Select * from primary key; select * from primary key; select * from primary key; select * from primary key; IO count: a maximum of six times

Extension: This requery of row data based on the primary key ID is called a table-back query. So we know why auxiliary is called, auxiliary is to find the eldest brother (primary key), and then according to the primary key to find the final data you want. No head snatching. And of course there’s an optimization for this, which WE’ll talk about later.

Speaking of here can point to the question again, the reason for such points above. Innodb’s primary key index can fetch rows directly, while non-primary key indexes need to return to the table, which increases Io times. This explains why primary key indexes are the fastest.

Joint index

Join index (s) : join index (s) : join index (s) : join index (s) : join index (s)

IO count: a maximum of six times.

Extension point: leftmost matching principle. How do you sort a joint index? Based on the number of joint indexes you have, like ABC, sort by A first, Again in a equal conditions, according to the b sort, under the condition of a and b are equal, according to c, when you set up joint index (a, b, c), at the same time, equivalent to set up (a) (a, b) (a, b, c), three indexes, so when the where the back of the conditions to make a joint effect index, conditions must be according to the order, namely, there must be a, You have b, you have C, and if one of the indexes is missing, all the other conditions are invalid. Why doesn’t a b or C work? You see, my sorting is to start from a, only to ensure the order of A can check B, only to see the order of B is chaotic, then you directly give me a plug WHERE I should go? Only full table scan ah. So the index is dead. Select * from table where a=xx and b=xx or select * from table where b=xx and A =xx, that’s fine,mysql isn’t stupid enough to recognize it, and the query optimizer will adjust it for you.

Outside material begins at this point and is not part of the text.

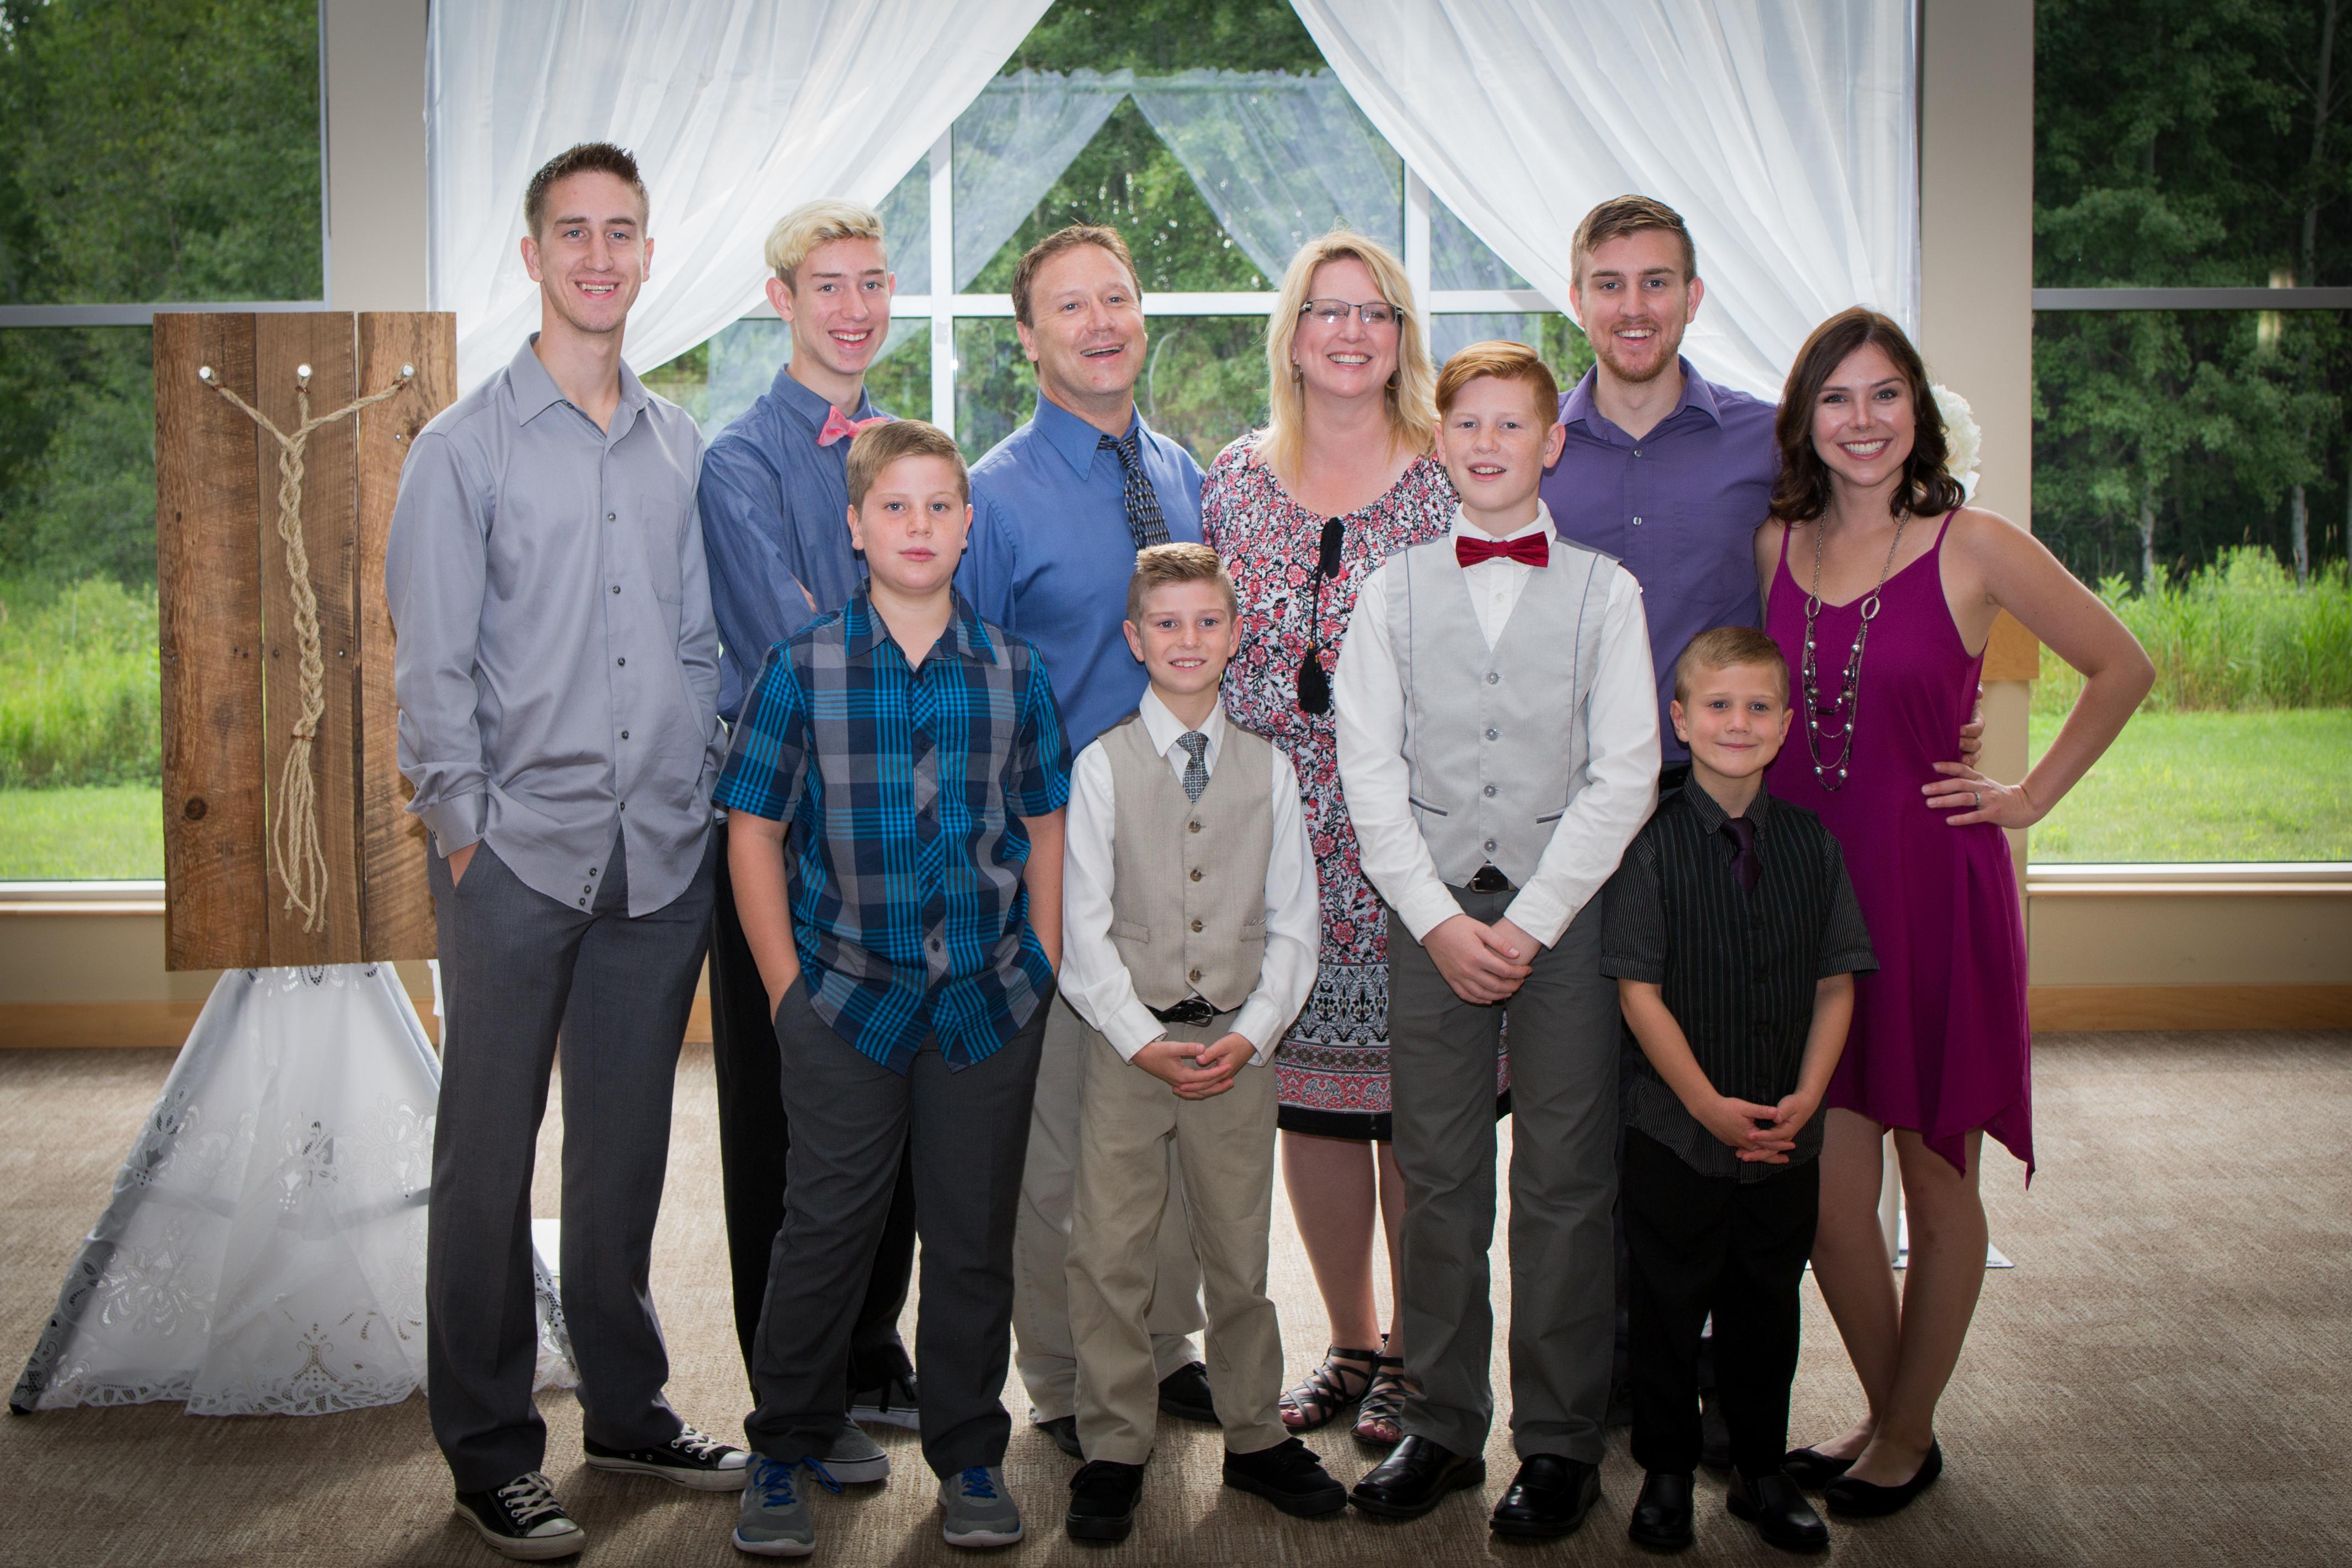 Family%20pic%20katies%20wedding original

Above, the basic content of the index is introduced, and the index has a close relationship with the following content.

The index of the myisam

Innodb and myiSam were mentioned when talking about primary key indexes. The index difference is that myIsam can be understood as only a secondary index, because its leaf node does not hold data, but only Pointers to data. Look at the picture:IO count :4. There is a difference between innoDB’s secondary index and this one!It gets the pointer and goes straight to disk to get the corresponding data, no return tableBut still one more IO. So the efficiency of the query will be relatively low. (But they are both B+ trees, and some people get confused and think myiSam is not a B+ tree without data, depending on whether your leaf node only holds Pointers).

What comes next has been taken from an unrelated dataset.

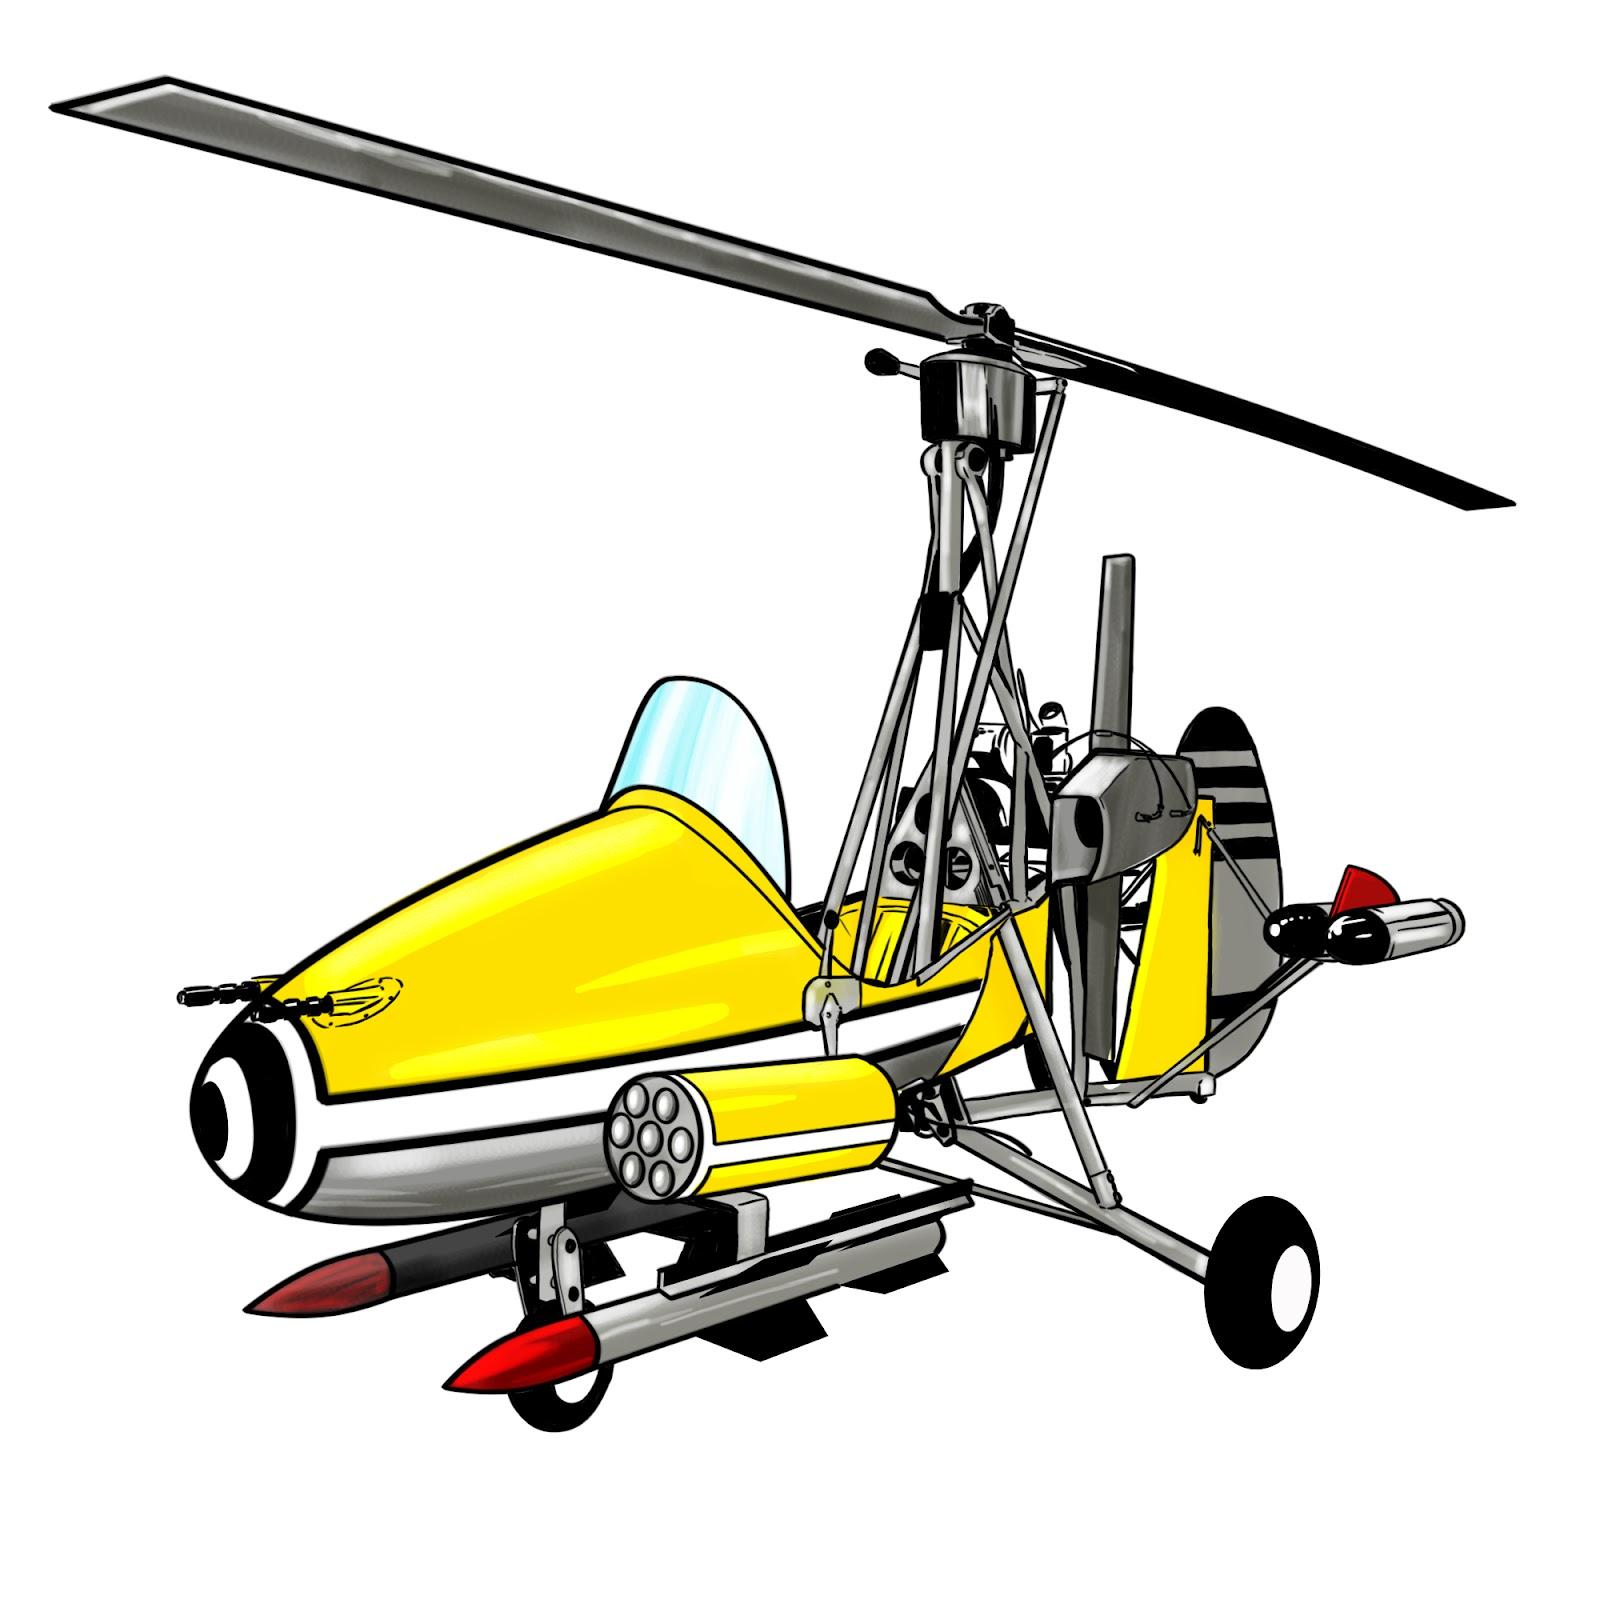 Elicottero Monoposto : Pieffrart iphone app mr bond nuovo livello

Its other indexes will not be drawn, because either primary key index or secondary index. The query path is the same as this one, which is to find the address and then look again.

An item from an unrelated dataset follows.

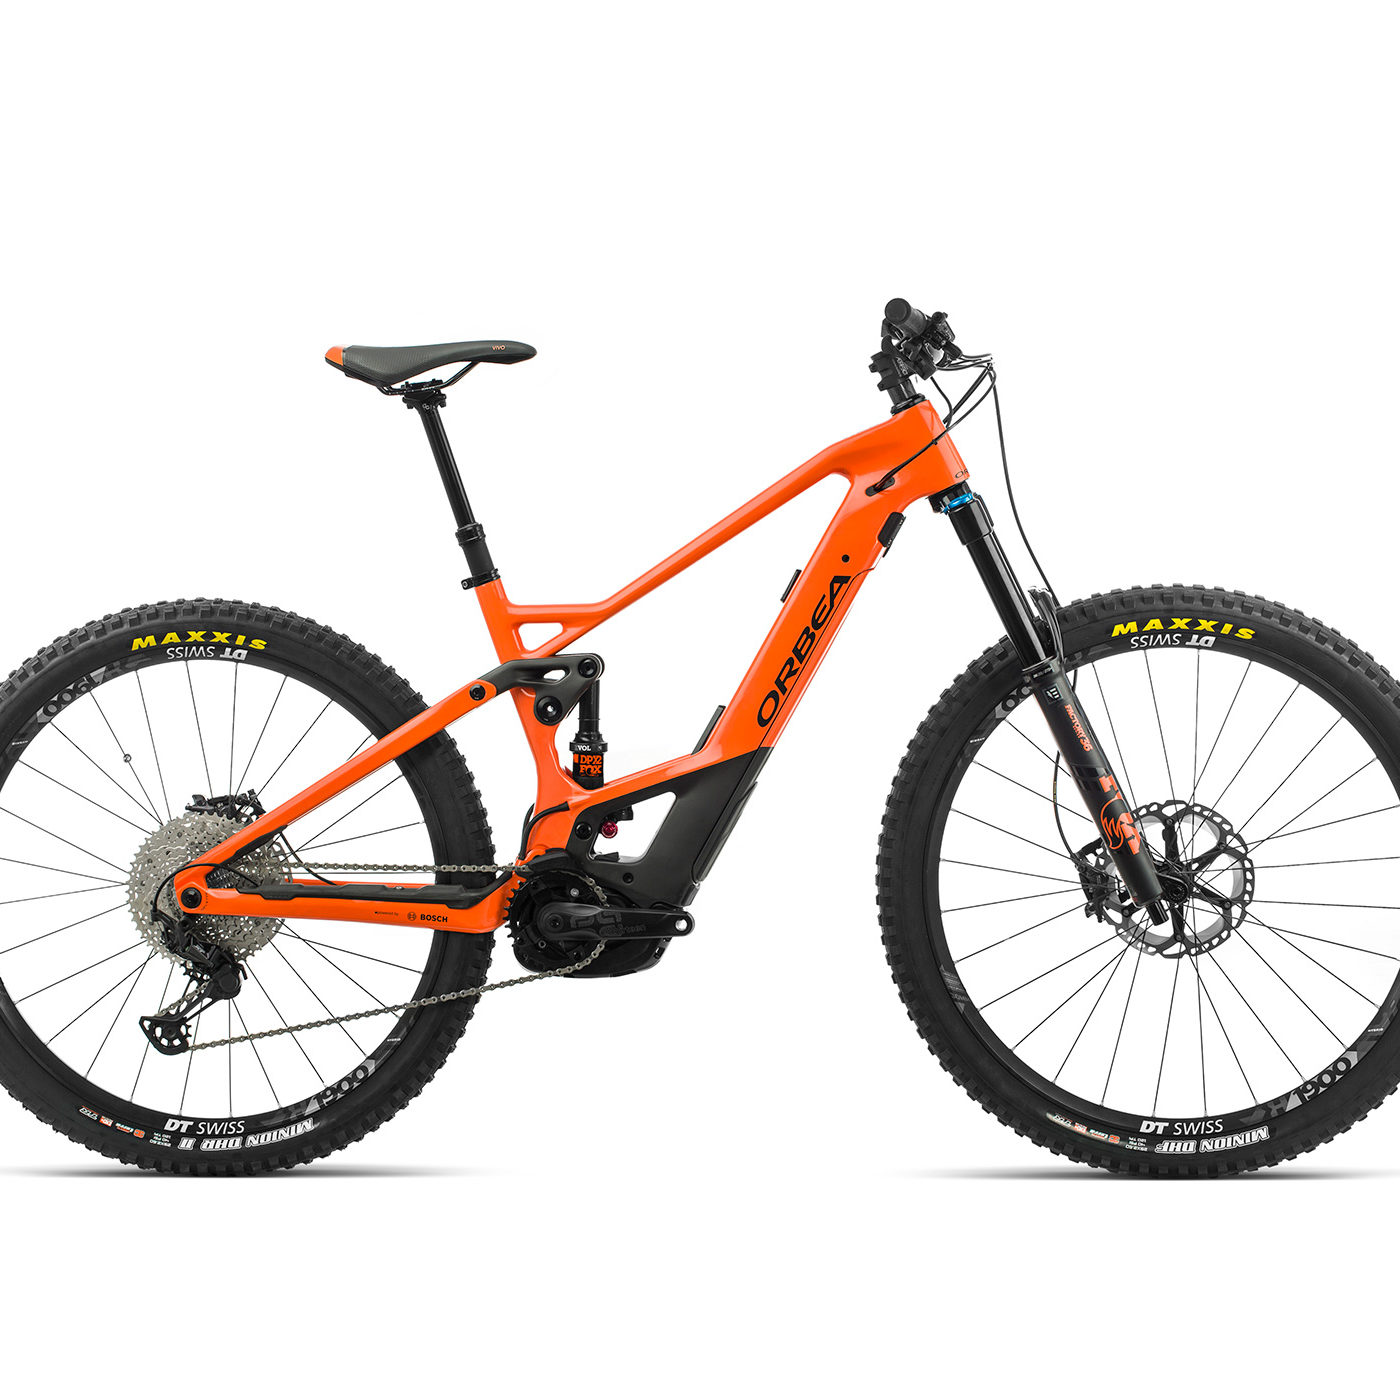 ORBEA WILD FS M10 ebike - ORANJE (GLOSS) / ZWART (DOF) @G-Bikes

Just because MyISam doesn’t support primary key indexes doesn’t mean it can’t set primary key indexes! Myisam also has a primary key index, but it is mainly used to indicate that the field is unique. As mentioned earlier, it does not really have a clustered index, because it is unique except the query path and structure is basically the same, do not say that it has no primary key.

The storage engine

MyIsam and InnoDB are two database engines provided by mysql and specified when building tables. They have different file structures and can be used in different scenarios, so let’s take a look at the differences

innodb myisam
Storage file distinction Storage file distinction
Support transactions Transactions not supported
Support foreign keys Foreign keys are not supported
Do not save the exact number of rows of the table (select count requires full table scan) Holds the number of rows for the entire table
Full text indexing not supported (supported after version 5.8) support
Table and row (default) level locking is supported Only the table lock

In this installment we will focus only on the storage file differences, which relate to their index differences as we mentioned above.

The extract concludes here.